Securing the airway is a challenge in cases of complete fusion of the cervical spine and severe restriction of neck movements. Cervical vertebral fusion predisposes patients to the risk of neurological damage during positioning. In this case, anesthesia was successfully managed with a general anesthetic technique using awake fiber optic technique for orotracheal intubation followed by submental intubation. The nasotracheal route was the only suitable choice of intubation with unhindered surgical access that allowed dental occlusion. Due to nasal septum deviation and contralateral inferior turbinate hypertrophy, only the orotracheal route of securing the airway was possible. Due to restrictive lung disease and cervical spine fusion, he was not subjected to elective turbinate reduction and septoplasty. Hence, submental intubation was chosen as an alternative to conventional tracheostomy, which is more invasive and associated with complications such as hemorrhage, subcutaneous emphysema, pneumothorax, recurrent laryngeal nerve palsy, tracheomalacia, tracheal stenosis and erosions, respiratory tract infections, decannulation problems, scarring, and dysphagia.

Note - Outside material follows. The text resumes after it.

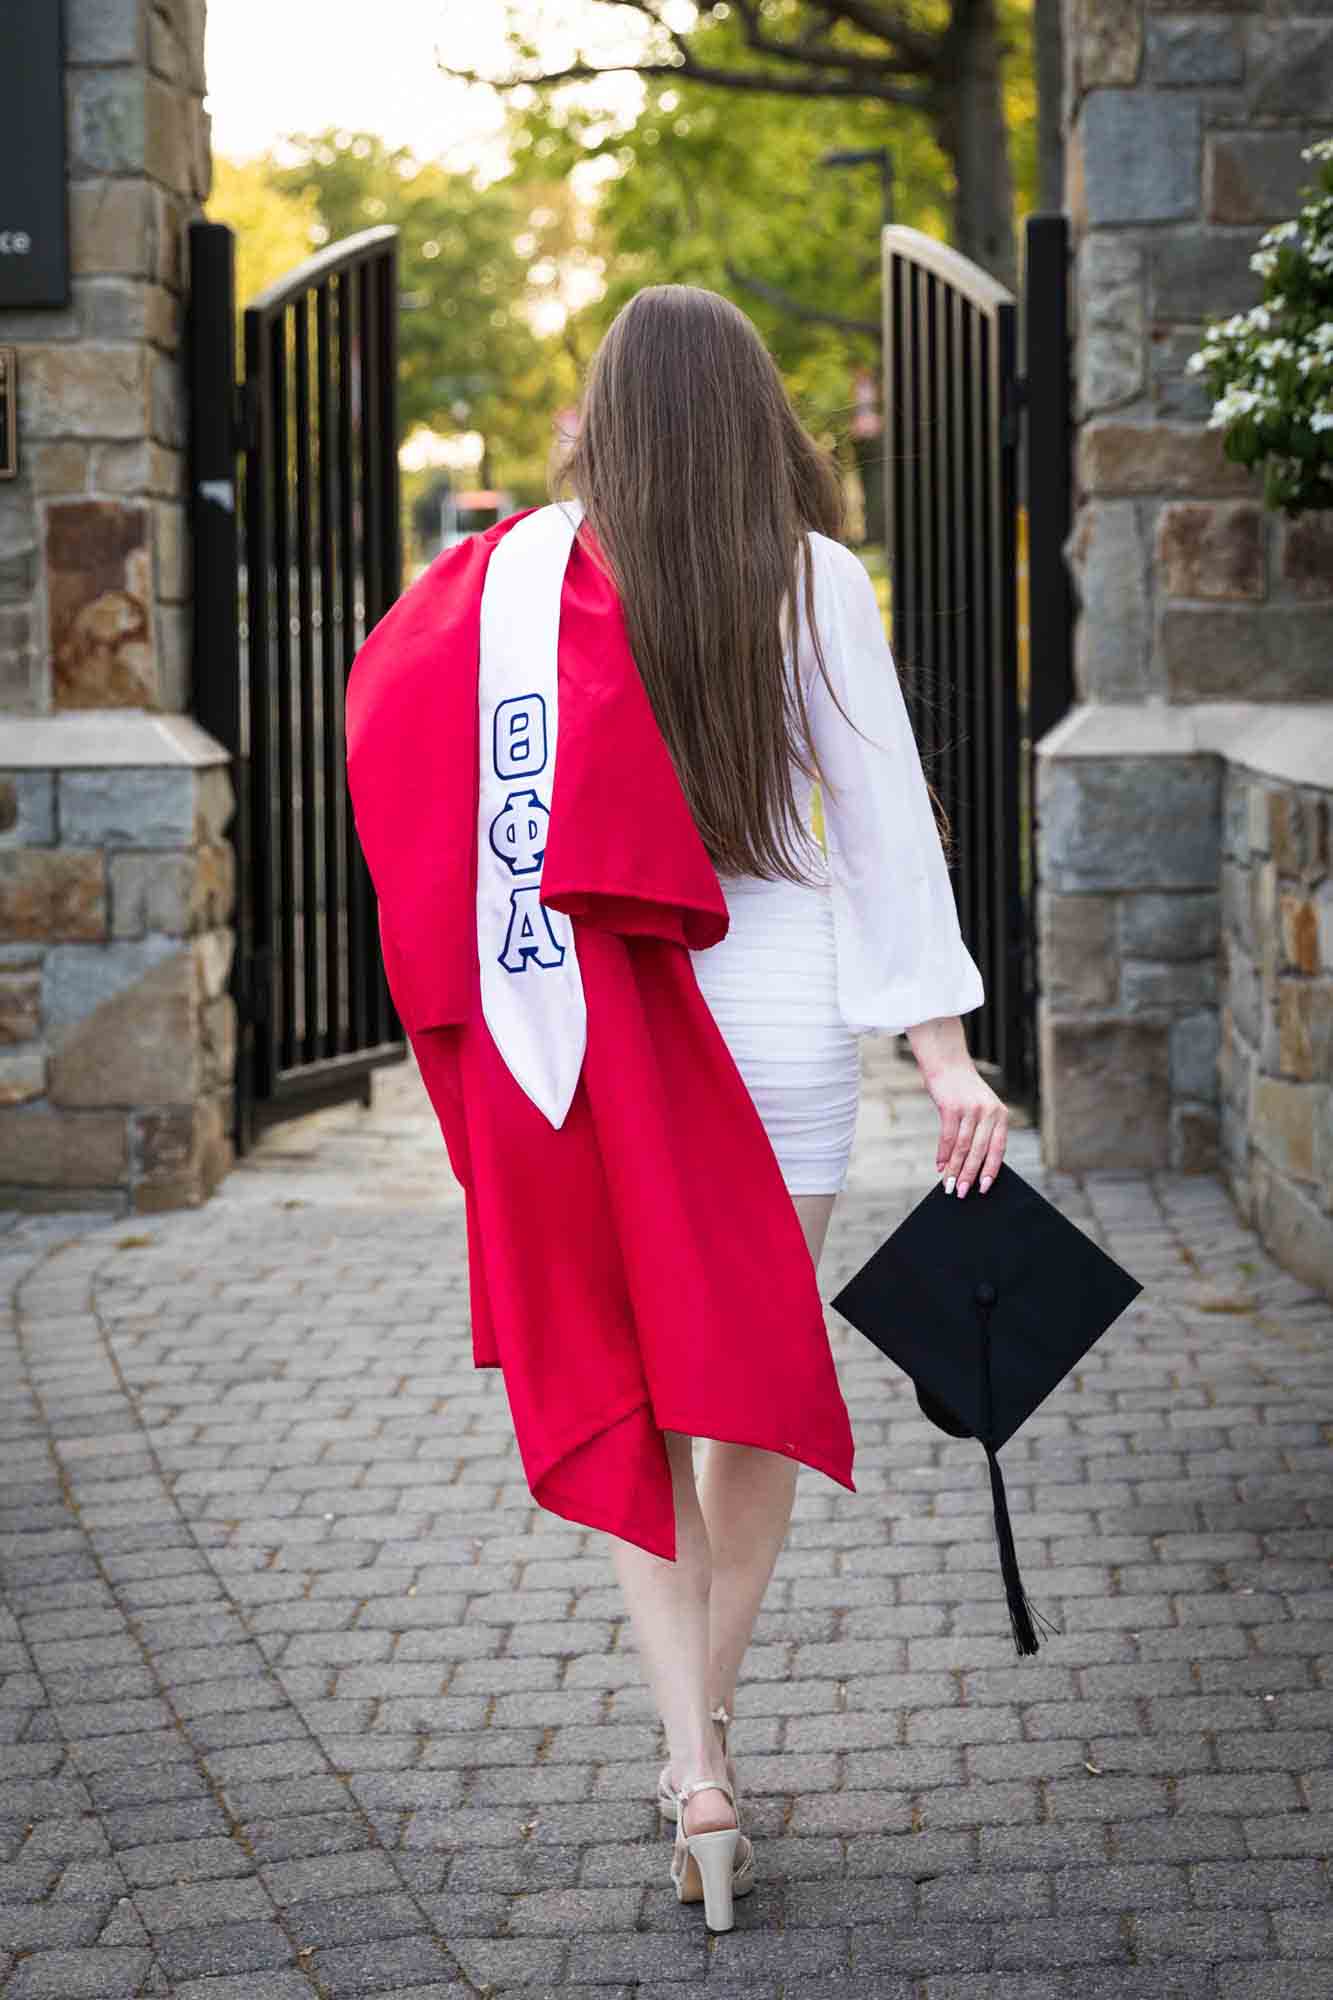 Female graduate holding red robe over shoulder and cap in hand during a St. John’s University graduate portrait session

Submental intubation is not completely free of complications. There is always a risk of arterial desaturation during the conversion from oral intubation to sub-mental intubation and vice versa. The pilot balloon can also be damaged during the tube transfer, and it may be difficult to pass the tube through the incision or reattaching the connector to the endotracheal tube. Complications like hemorrhage, accidental extubation, tube obstruction, and tube leakage are more difficult to manage in the submental route. Other complications include damage to the lingual nerve, salivary ducts, and orocutaneous fistula. He was followed up without complications and recovered well.

We highlight this case to discuss anesthesia management during orthognathic surgery for patients with KFS. Here, patient-related factors like an anticipated difficult airway, thoracic kyphoscoliosis, cervical vertebral fusion with a potential of serious neurological injuries and other system involvement require consideration. Elective postoperative care is very important in these patients considering the potential for postoperative airway obstruction due to laryngeal edema and soft tissue swelling.